# Anybody need some ammo?



## themountainiscalling (Sep 15, 2016)

Hey there! I've been on the forum for a handful of years under a different username "dmaestas" but I haven't logged in for quite awhile and I don't have access to my old email, so I had to make a new profile...

Anyways, an old family friend of ours unfortunately passed away recently and handed down his hoarder worthy collection of ammo and reloading supplies. I'm still going through it all to get an inventory but as of now I know I have a too much ammo for my entire lifetime so I'd like to get rid of some to someone who will actually use it. A lot of it is never fired and some of it is reloaded to his specific likings.

So far I have these calibers: .45, 6mm, 30-30, .22, 12 gauge, .223, 7.62 and I'm sure there's more I just haven't gotten time to inventory it all. 

Send me a PM of what you're looking for if I don't have it listed and I can go through it to see. I'll make you a good deal on whatever you want seeing as I'll probably never get through all of what he gave me. 

I also have reloading supplies if you're into that as well.


----------



## toasty (May 15, 2008)

Where are you located?


----------



## wyogoob (Sep 7, 2007)

themountainiscalling said:


> Hey there! I've been on the forum for a handful of years under a different username "dmaestas" but I haven't logged in for quite awhile and I don't have access to my old email, so I had to make a new profile...
> 
> Anyways, an old family friend of ours unfortunately passed away recently and handed down his hoarder worthy collection of ammo and reloading supplies. I'm still going through it all to get an inventory but as of now I know I have a too much ammo for my entire lifetime so I'd like to get rid of some to someone who will actually use it. A lot of it is never fired and some of it is reloaded to his specific likings.
> 
> ...


I can get you in your old account or change your new username to the old one if you like; your call.

.


----------



## themountainiscalling (Sep 15, 2016)

I am in Clinton, Utah. Which is near Ogden for anyone who doesn't know! 

That'd be awesome wyogoob! If I could get access to my old account I'd really appreciate it. Let me know what you need.


----------



## hondodawg (Mar 13, 2013)

If you run across any .348 Winchester I'm Interested 


Sent from my iPhone using Tapatalk


----------



## hazmat (Apr 23, 2009)

I would definitely be interested in anything 6.5 x284


----------



## themountainiscalling (Sep 15, 2016)

I went through a couple more boxes today and found mostly new in box 7.62 ammo, new Winchester 6mm, 10 or so SKS magazines, 9mm makarov (who even shoots these lol) even more .45 colt, some 20 gauge.... I'll keep updating as I go through it.


----------



## Cazador (Sep 4, 2014)

I am interested in the 45 colt ammo the .22 and the 12 gauge. Will you let me know what and how much you have and a price thanks. I would also be interested in any 9mm luger if you find any.


----------



## bossloader (Sep 11, 2007)

7.62x54 I would be interested in pm if you have some.


----------



## LostLouisianian (Oct 11, 2010)

bossloader said:


> 7.62x54 I would be interested in pm if you have some.
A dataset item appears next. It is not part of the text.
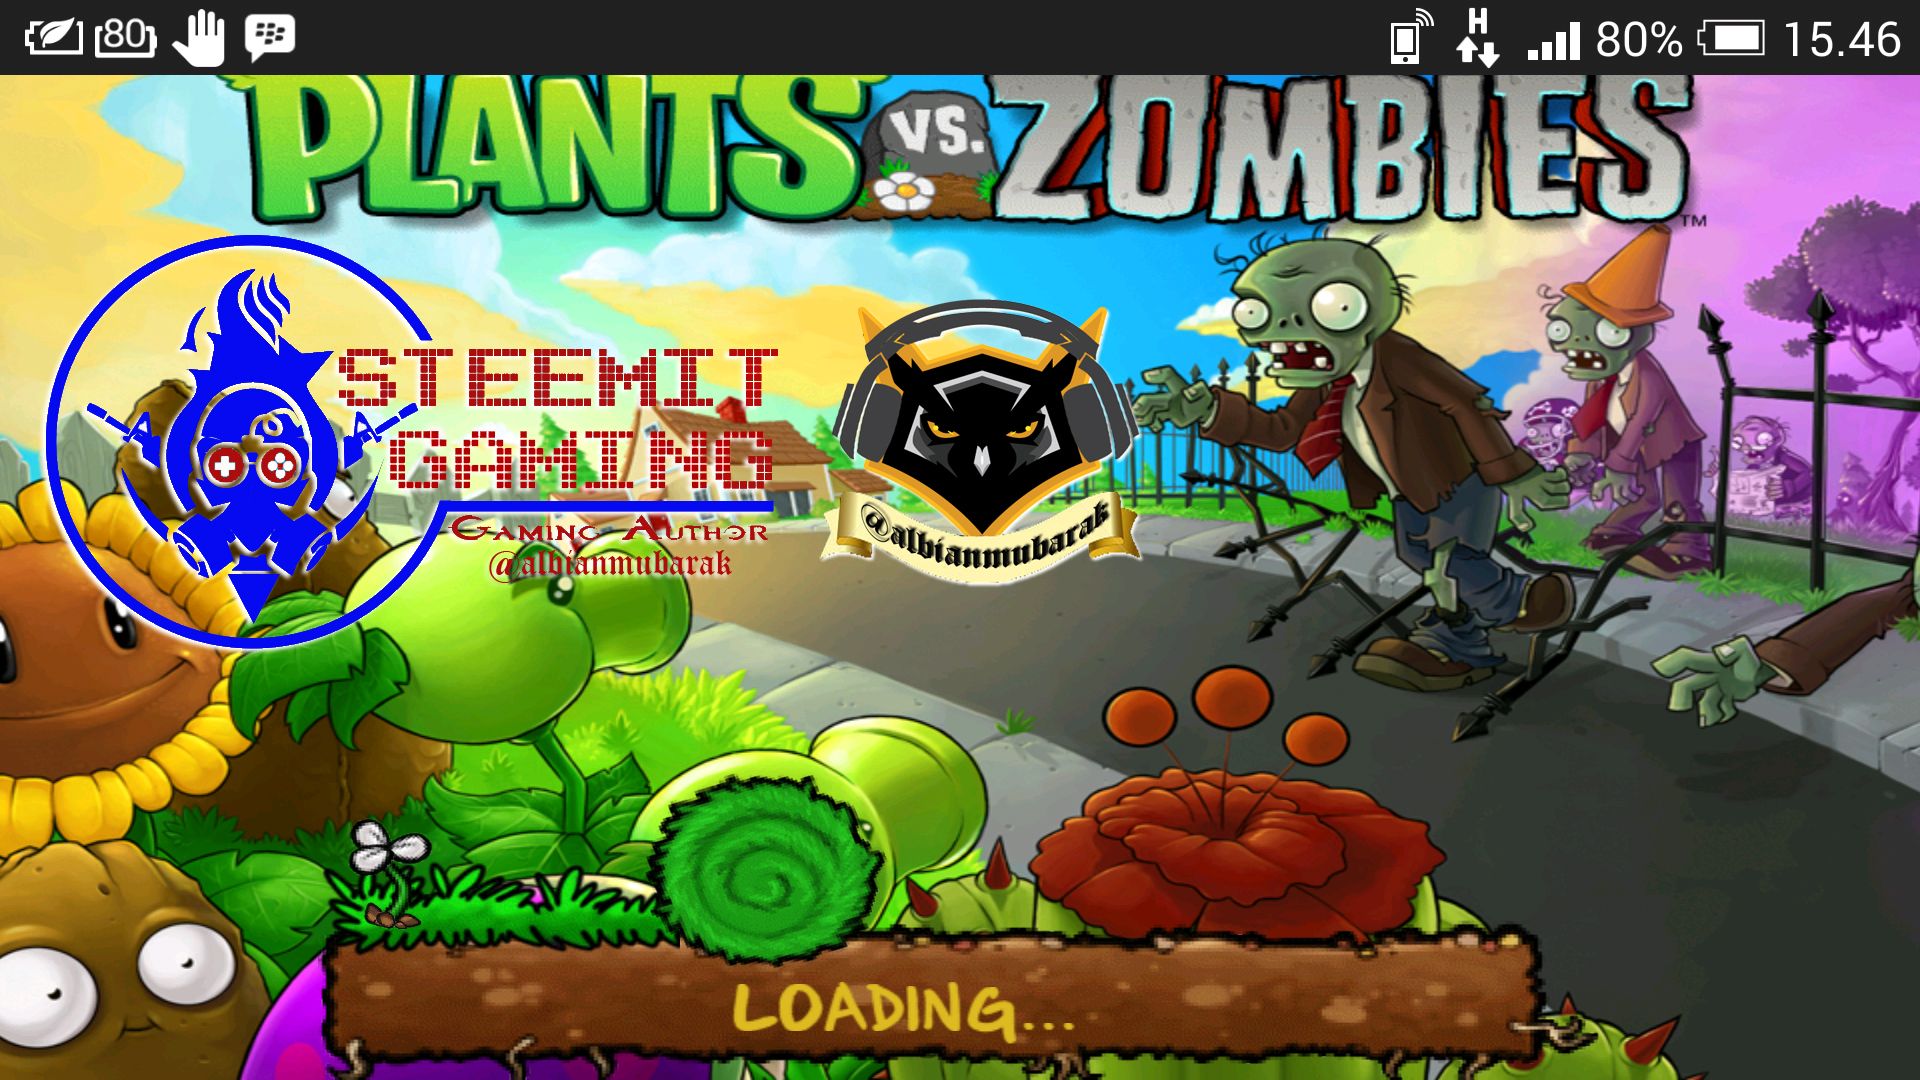 Plants vs zombies game of the year русификатор steam фото 29

Gotta love those old Mosin's....funner than heck to shoot especially the M44's and M38's .... flame throwers with milsurp ammo.


----------



## Dunkem (May 8, 2012)

20 gauge lead or steel?


----------



## rideutah (Oct 21, 2014)

*ammo*

I would be interested in 30-30, .22, 12 gauge, .223, 7.62x39, and possibly the SKS stuff depending on prices.


----------



## themountainiscalling (Sep 15, 2016)

Pm's sent to the guys already! i'll update in a few days with anything I have left. thanks everyone


----------



## LostLouisianian (Oct 11, 2010)

I had PM'd you back on the sks stuff but you never responded. I'm sure you just overlooked it.


----------



## themountainiscalling (Sep 15, 2016)

Sorry about that LostLouisianian unfortunately a bunch of people from here and Utah Gun Exchange contacted me about the SKS stuff and the first guy to come look bought everything I had. I apologize for the slow response!


----------



## deljoshua (Jul 29, 2013)

What reloading supplies do you have? Powder, primers, dies, brass, projectiles, misc.?


----------